Fractional exhaled nitric oxide (FeNO), carbon monoxide (CO), ethane and pentane are the most studied volatile markers [Paredi P, et al., Am J Respir Crit Care Med 2000; 162:1450-1454. and Horvath I, et al. Eur Respir J 2001 ; 18:420-430,] of which FeNO is most standardised [ATS/ERS Recommendations for Standardized Procedures for the Online and Offline Measurement of Exhaled Lower Respiratory Nitric Oxide and Nasal Nitric Oxide, 2005. Am J Respir Crit Care Med 2005; 171 :912-930]. In 2006, Barker et al. studied 12 specific VOCs by means of a customized gas chromatograph in CF patients and controls. They reported a significant lower level of dimethyl sulphide (DMS) in CF compared to controls [Barker M, et al. Eur Respir J 2006; 27:929-936] However, in this study only allows conclusions on a group level; no individual classification of subjects was performed.
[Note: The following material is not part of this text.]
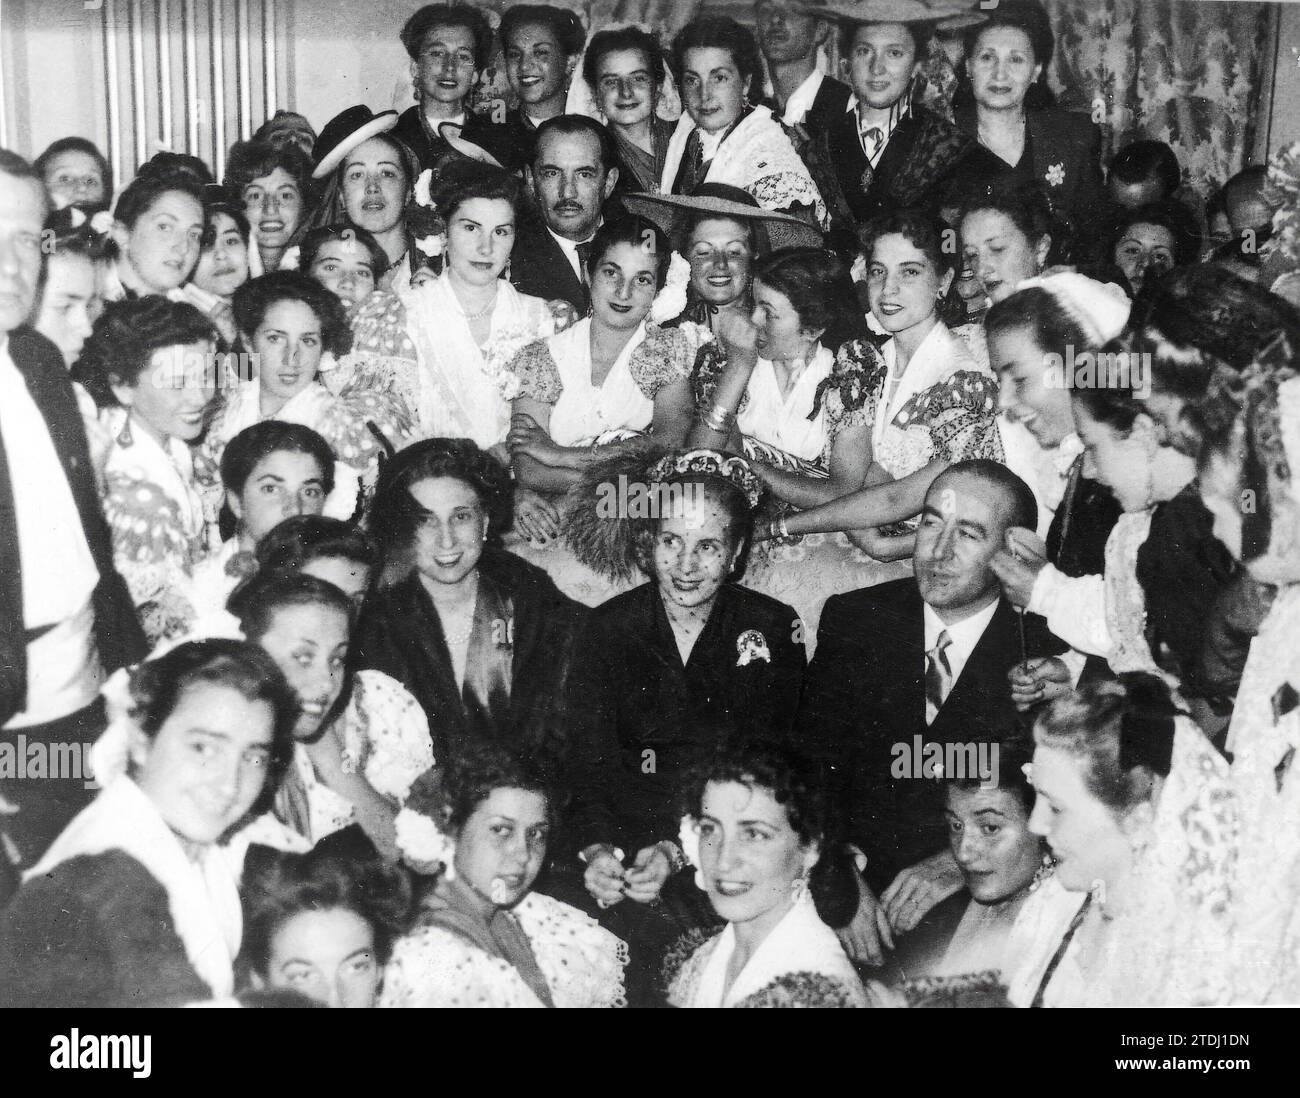 12/31/1947. Foto di gruppo in cui appaiono i politici Eva Duarte de Perón e José María de Areilza. Crediti: Album / Archivo ABC Foto Stock

There remains a need in the art for more and better diagnostic markers for cystic fibrosis, in particular for markers that can be used in a non-invasive diagnostic method. The present invention addresses those needs.

Summary of the invention

We analyzed the volatile organic compounds (VOCs) in exhaled air of patients with cystic fibrosis by using a gas chromatograph - time of flight - mass spectrometer (GC-TOF-MS). We found a set of markers that may be used for the diagnosis of cystic fibrosis.

We were able to discriminate between patients with cystic fibrosis and normal individuals by determining whether the exhaled air contained markers selected from that set.

More in particular we found that these markers can be used in the early diagnosis of cystic fibrosis. Moreover, these markers are useful in the prediction of the occurrence of cystic fibrosis even when no other clinical signs are apparent yet.

The method is also useful since it provides a new non-invasive, easy, safe, cost effective and fast diagnostic tool for the diagnosis of cystic fibrosis.

Hence, the invention relates to an in vitro method of diagnosing cystic fibrosis in a patient by determining the amount of at least one volatile organic compound in a sample derived from a patient suspected of having cystic fibrosis and comparing said amount with a normal value for said volatile organic compound, wherein a difference between the normal value and the amount of said at least one volatile organic compound is indicative of cystic fibrosis, wherein said volatile organic compound is selected from the group consisting of 3,3-dimethylhex-1-ene, 2-buten-1-ol, N-methyl-2-methylpropylamine, C8H16 hydrocarbon (2-octene, 3-octene), tolualdehyde (o-, m-, or p- isomers), C16 polyunsaturated hydrocarbon, C12 saturated hydrocarbon, C13 saturated hydrocarbon, benzothiazole and long chain alkylbenzenes.

Detailed description of the invention

An increased production of reactive oxygen species (ROS) may be caused by the influx of leukocytes, which continuously produce ROS, leading to an imbalance between oxidants and antioxidants (oxidative stress). ROS can degrade cell membranes by lipid peroxidation. During this process, volatile organic compounds (VOCs) may be formed as a result of the degradation of polyunsaturated fatty acids. Endogenous VOCs can be divided in hydrocarbons, oxygen or sulphur containing compounds, and nitrogen containing substances [Miekisch W, et al., Clin Chim Acta 2004; 347:25-39].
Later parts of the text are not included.